The bill would extend Trump’s 2017 tax cuts while cutting social programmes and raising the debt ceiling, or limit on government borrowing, by $5tn. The non-partisan Congressional Budget Office said last week it would add $2.4tn to US debt by 2034.

Johnson, who spent decades working for a family-owned plastics manufacturer before being elected to the Senate in 2010, wields outsized influence on Capitol Hill at a time when Republicans control the Senate by a 53-47 margin.

Several other Republican senators — including fellow fiscal hawks Rand Paul of Kentucky, Mike Lee of Utah and Florida’s Rick Scott — have also raised alarm about the sweeping legislation.

Johnson said investor reaction to the legislation was also worrying.

“Look at the bond market. These are pretty smart, sophisticated people, and they are a little more reluctant to buy US bonds, or are ploughing money into gold or other currencies,” Johnson said. “That ought to concern people.”

Asked whether Federal Reserve chair Jay Powell should lower interest rates as Trump has demanded, Johnson said it was no longer up to the US central bank boss.

“It is beyond his control. The bond buyers are controlling this now.”

The spending bill narrowly passed through the House of Representatives last month and Trump wants to enact it by July 4. Johnson said the timeline was “pretty optimistic”.

The senator spoke to the FT in his Capitol Hill office hours after what he called a “very good meeting” with vice-president JD Vance and National Economic Council director Kevin Hassett.

The White House was taking his concerns about the US deficit “seriously”, he said.

“[Trump] knows I know my numbers. He knows I’m sincere about this, and that is why he has directed his economic team to work with me,” he said.

Johnson, 70, described himself as a “big supporter” of Trump, calling him a “unique figure”, but added: “My higher loyalty is to my kids and grandkids, and we are literally mortgaging their future. That’s immoral.”

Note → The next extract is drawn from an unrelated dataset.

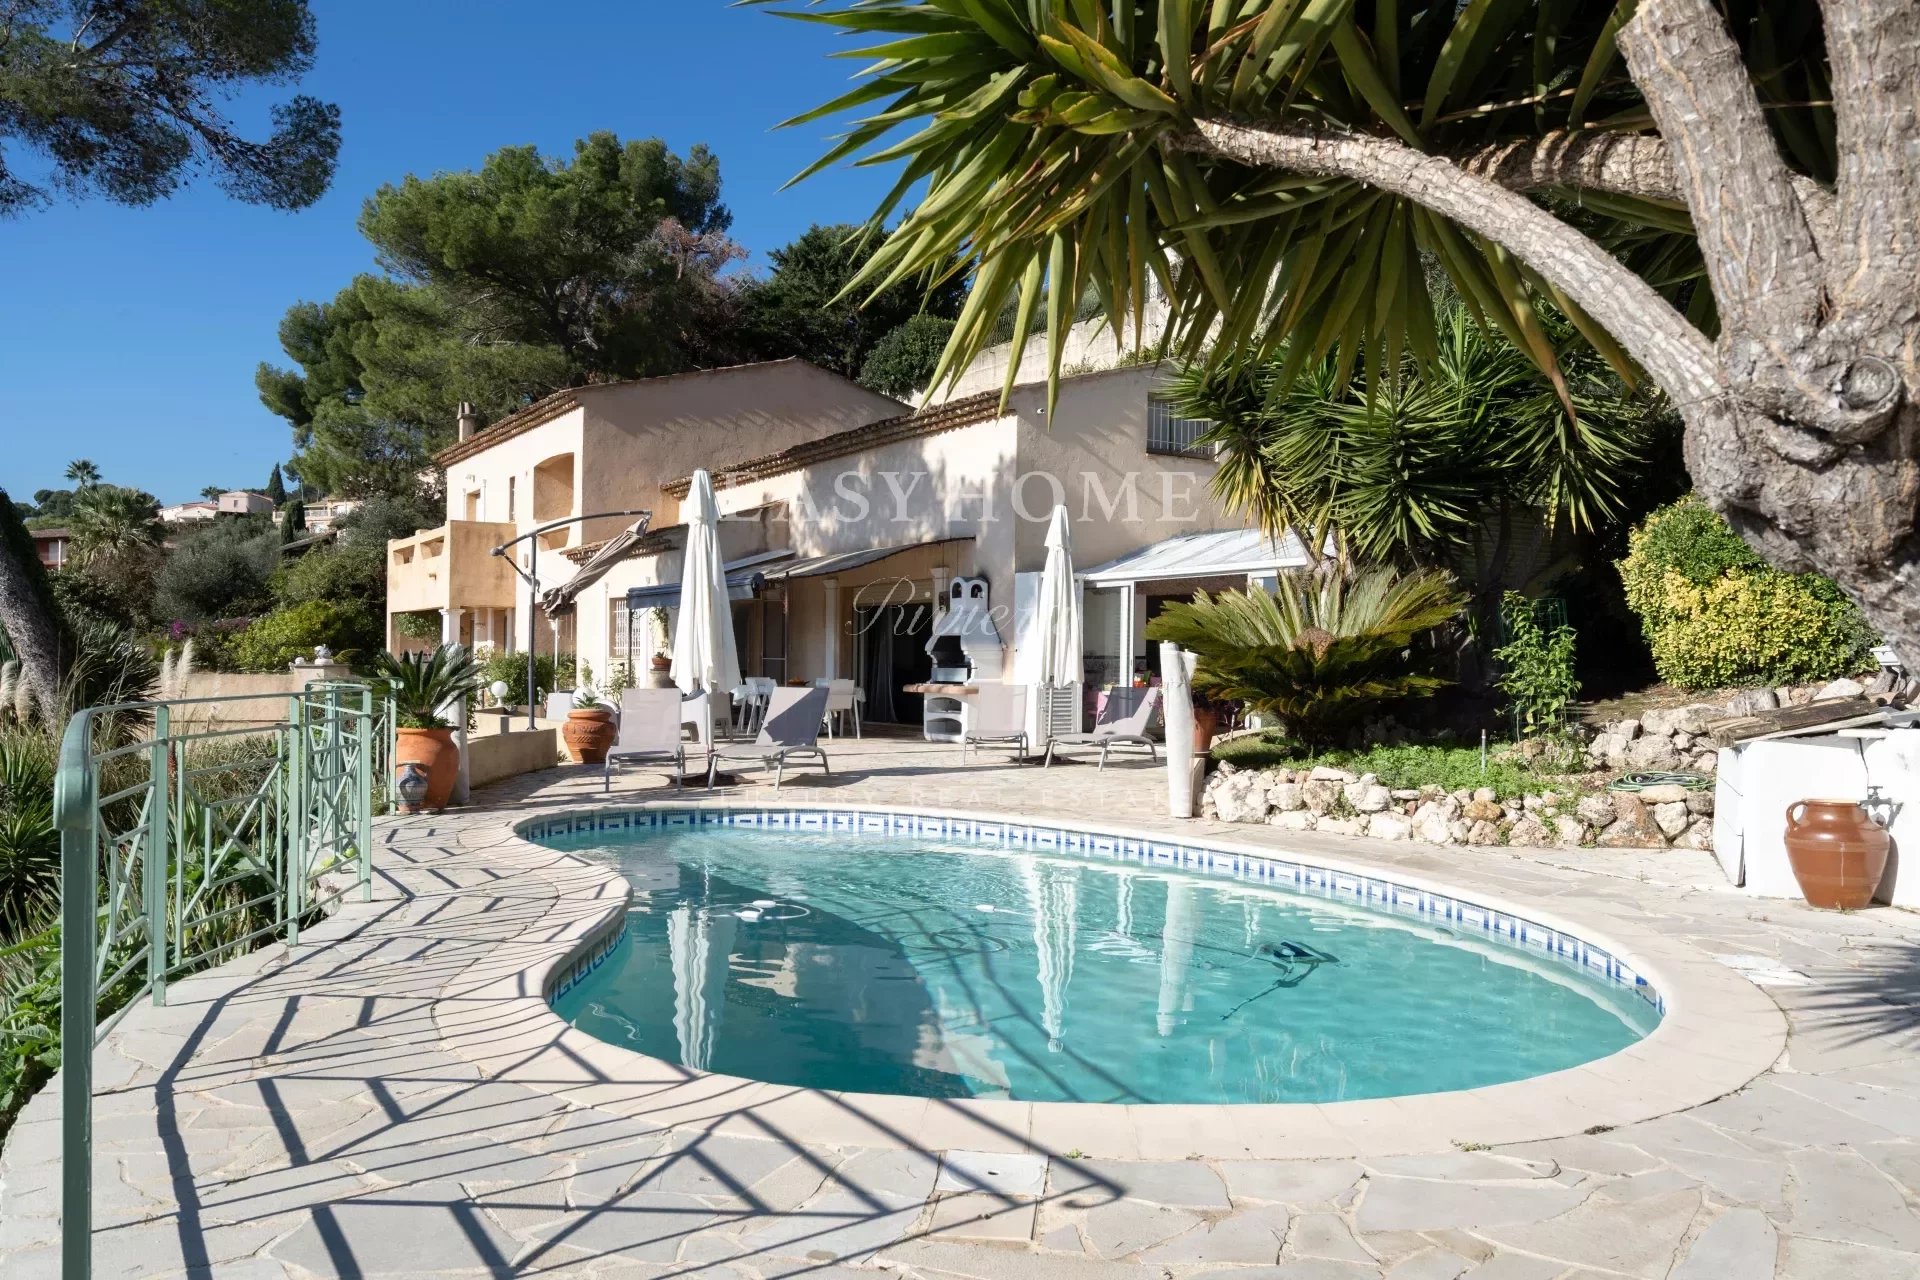 Vente Maison 285m² à Le Golfe Juan (06220) - Easy Home Riviera

Johnson also dismissed the threat of a Trump loyalist running against him in a Republican primary, saying he had not decided whether to run for re-election when his current six-year term is up in 2028.

“I think that’s probably the miscalculation from the White House . . . it is a lot easier to twist the arms of House members [than senators],” he said. “A primary from President Trump . . . in today’s Republican party, that is probably a death sentence to your . . . political career.”

But he added: “I would be happy to go home. I would probably prefer to go home.”